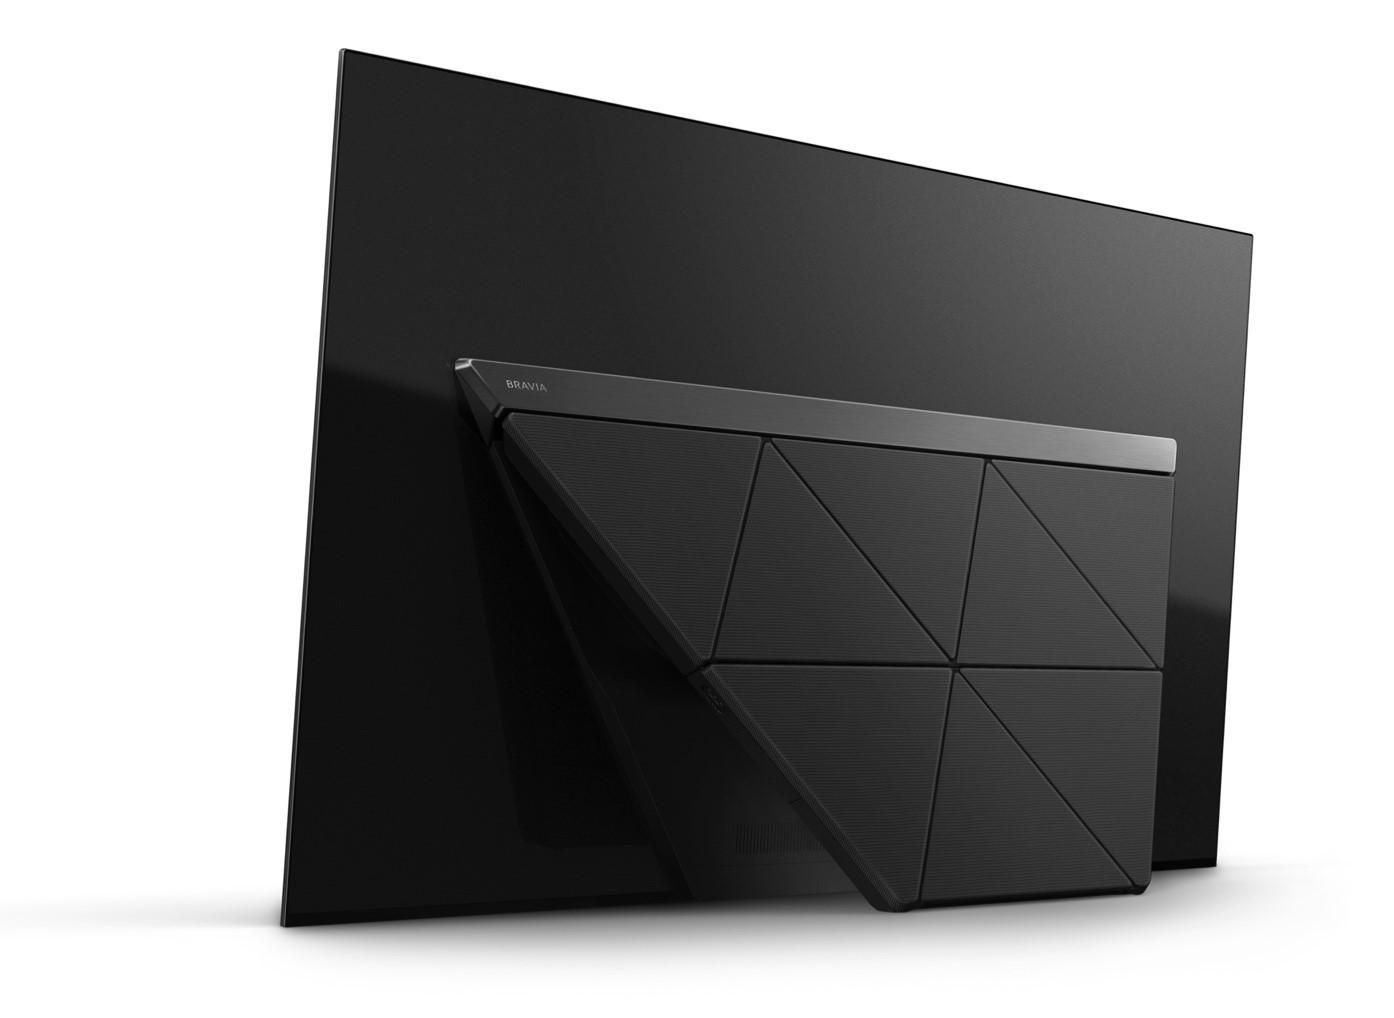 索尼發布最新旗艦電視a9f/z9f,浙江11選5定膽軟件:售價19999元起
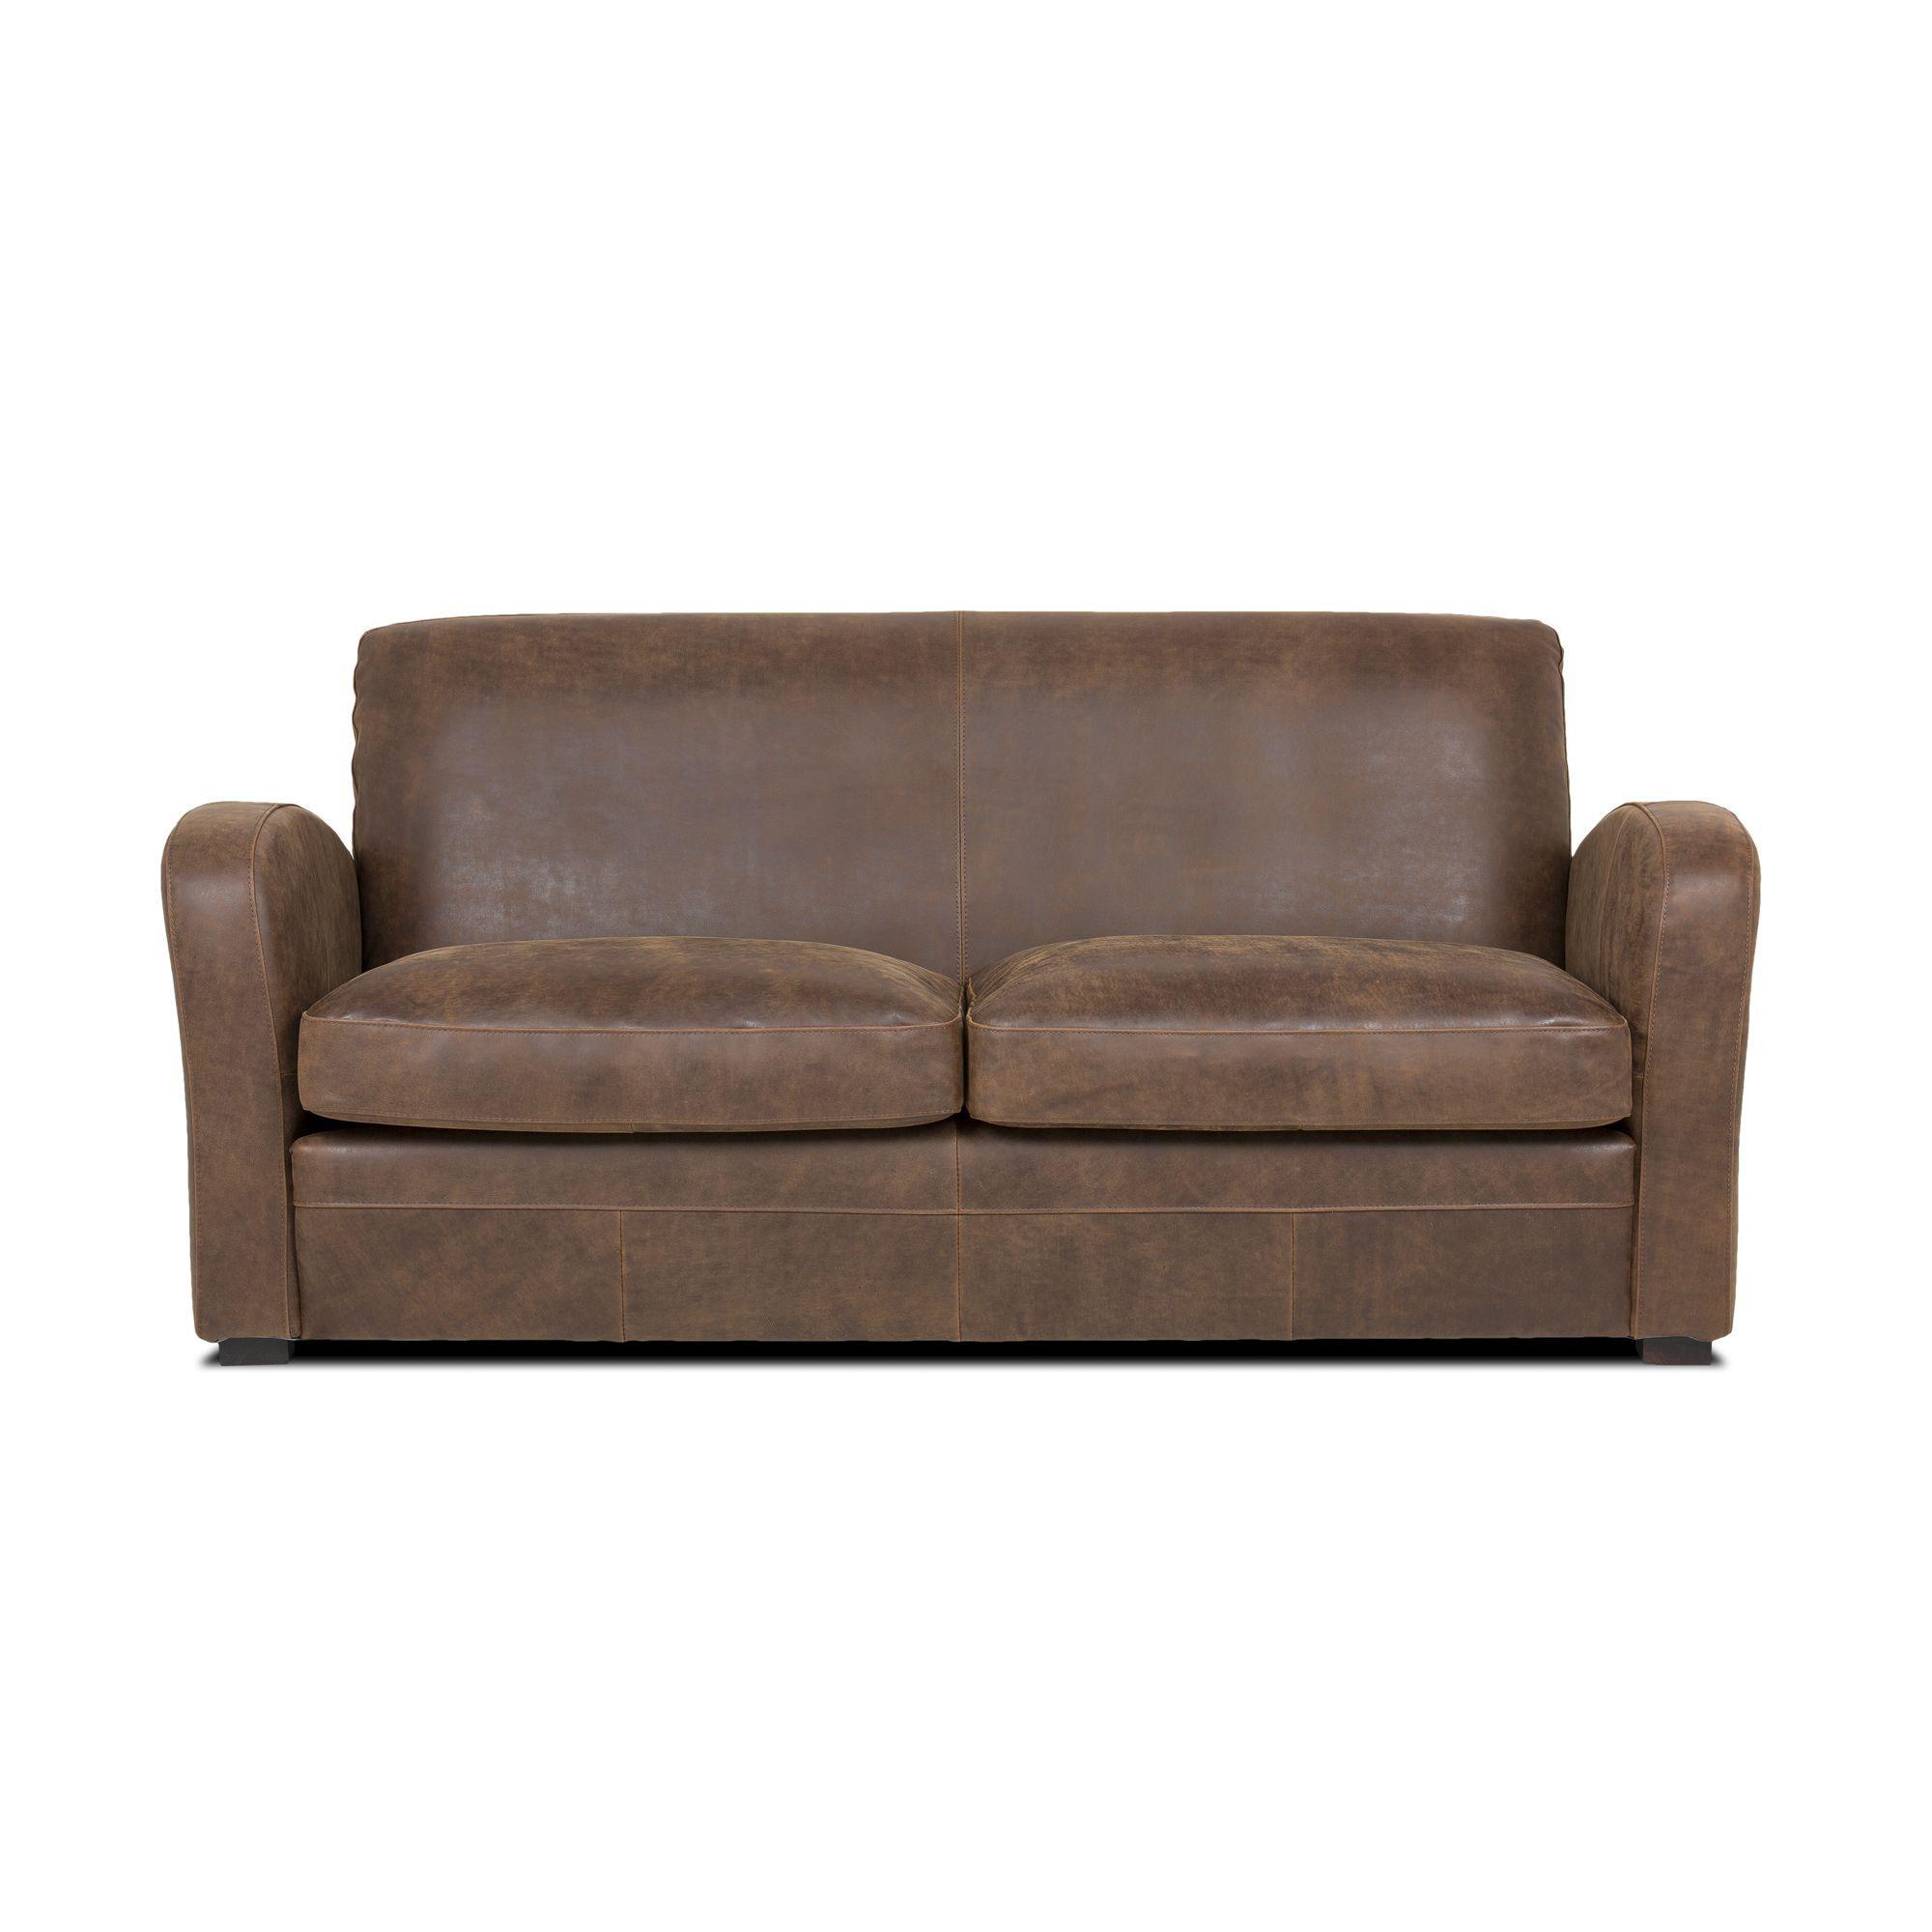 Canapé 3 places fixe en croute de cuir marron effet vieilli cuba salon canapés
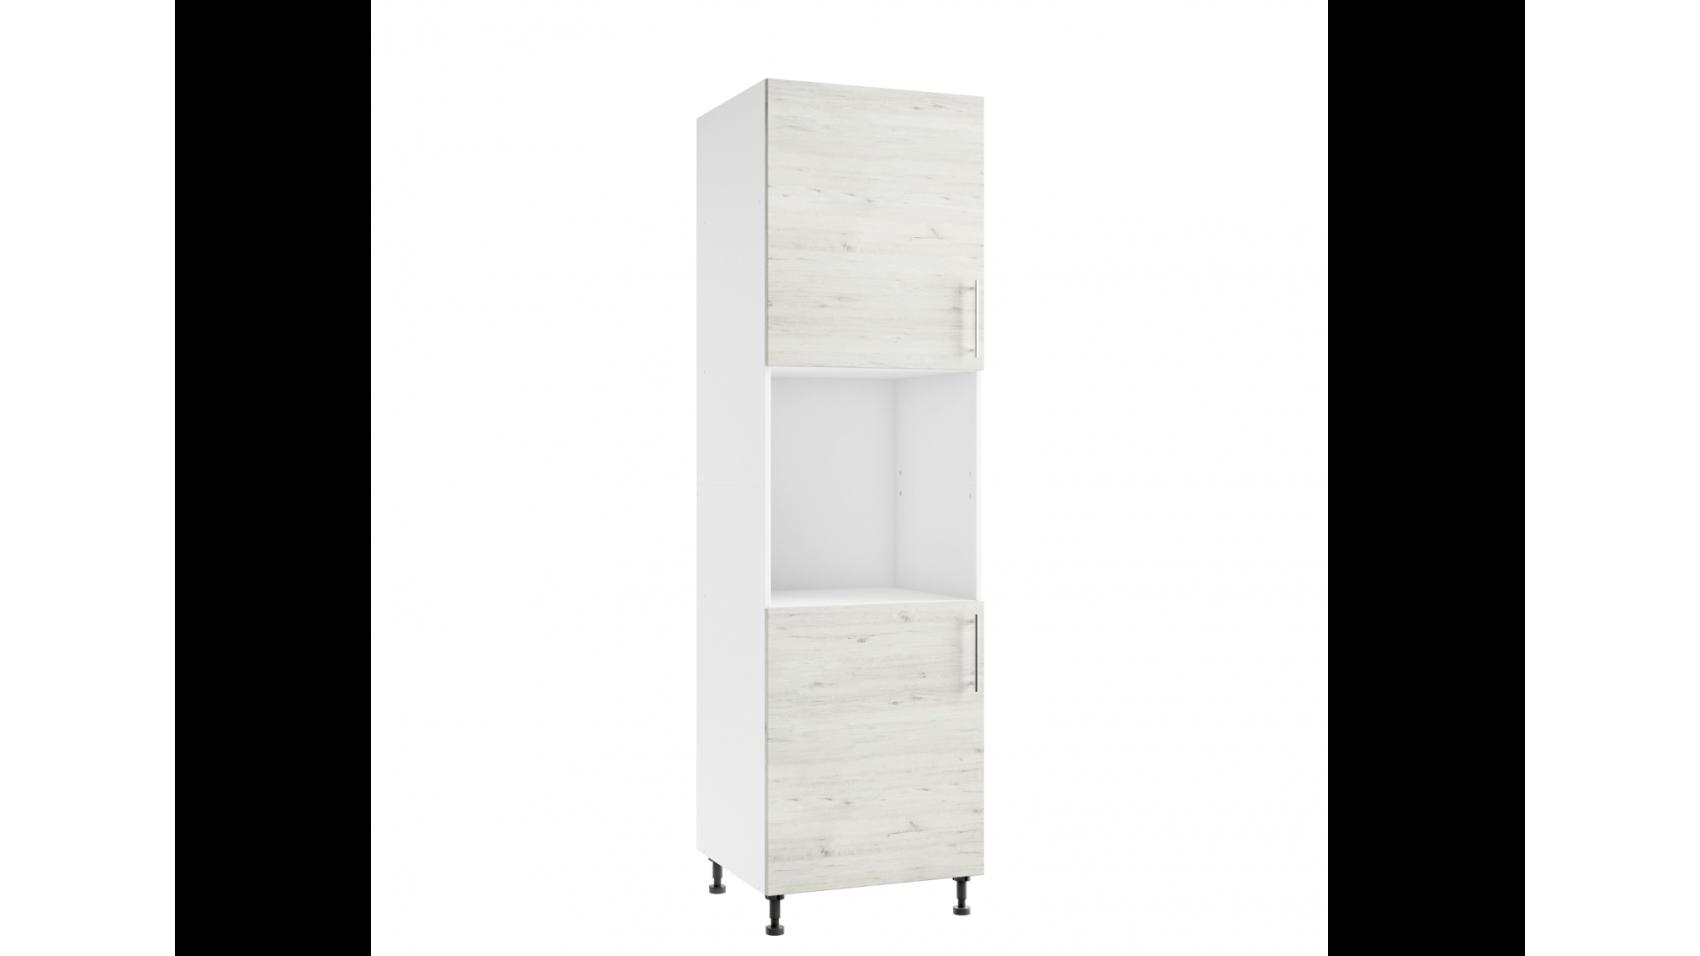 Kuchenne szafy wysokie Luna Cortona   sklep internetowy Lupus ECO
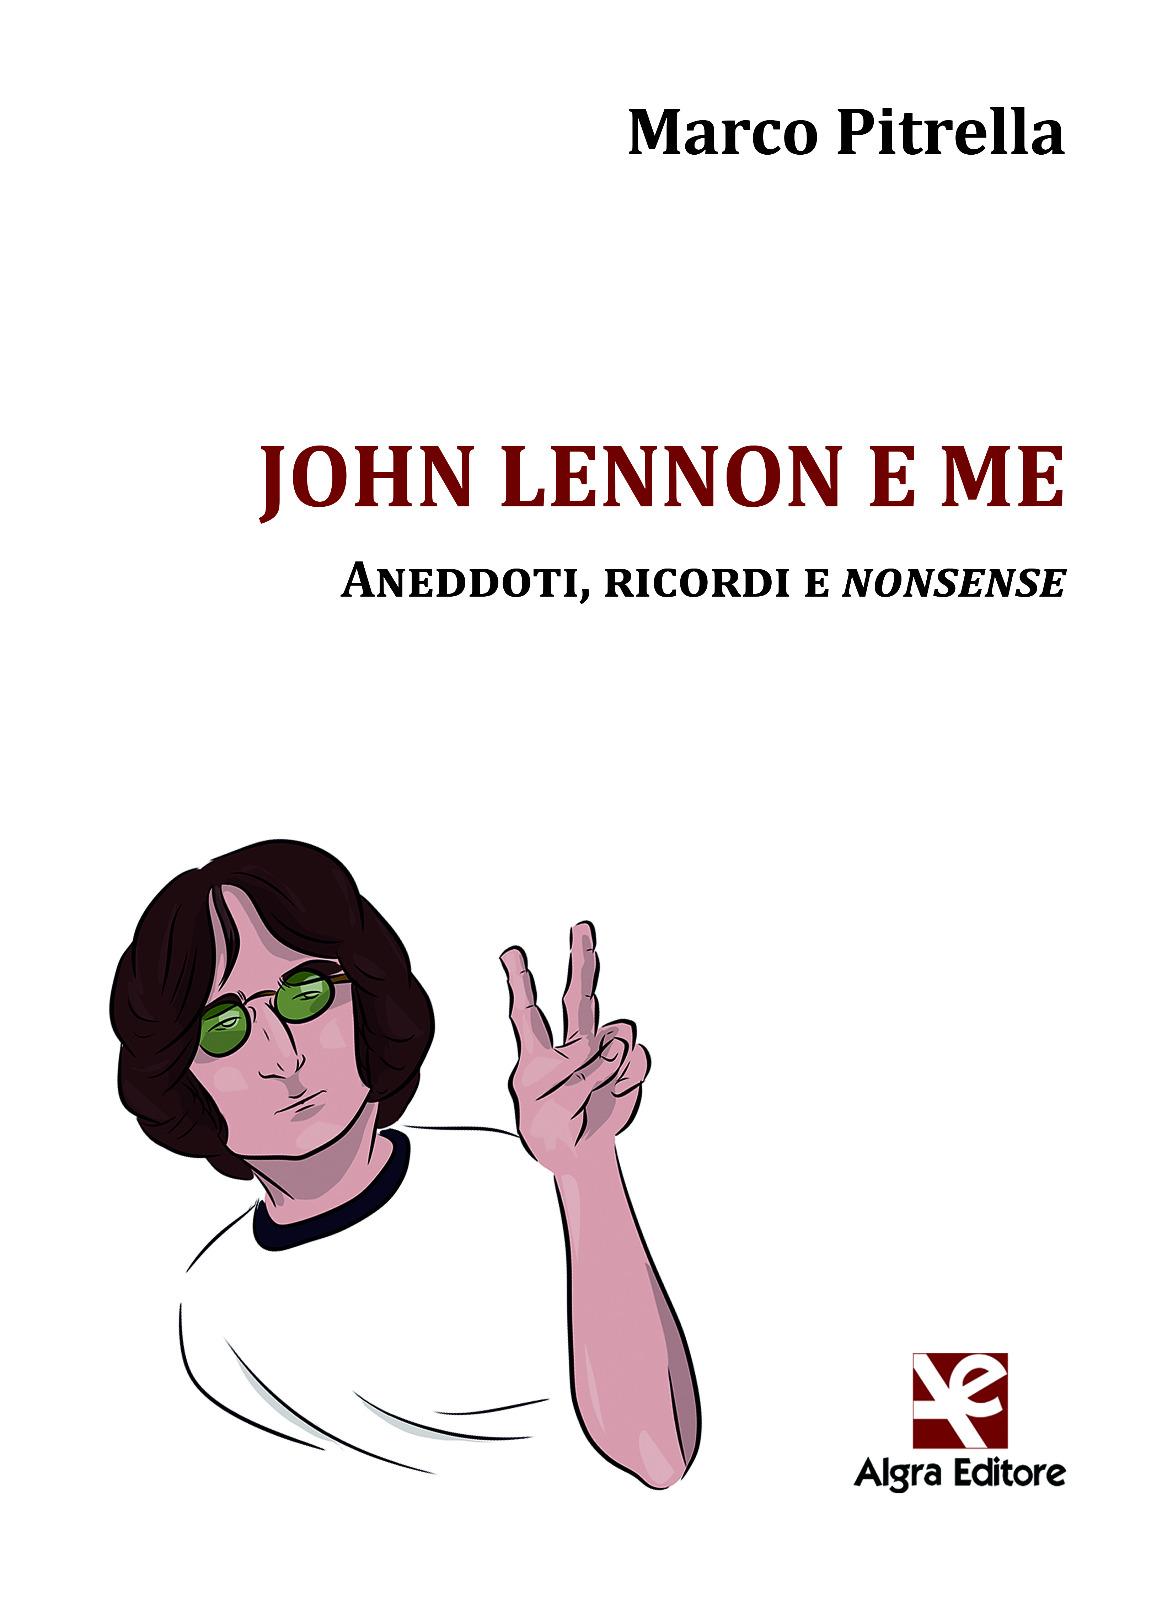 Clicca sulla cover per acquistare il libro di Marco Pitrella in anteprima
☆ ☆ ☆
## TO DO
Please set down the data above exactly as given, leaving every picture out.

## ANSWER FOR THE TASK
 索尼發布最新旗艦電視a9f/z9f,浙江11選5定膽軟件:售價19999元起
 Canapé 3 places fixe en croute de cuir marron effet vieilli cuba salon canapés
 Kuchenne szafy wysokie Luna Cortona   sklep internetowy Lupus ECO
 Clicca sulla cover per acquistare il libro di Marco Pitrella in anteprima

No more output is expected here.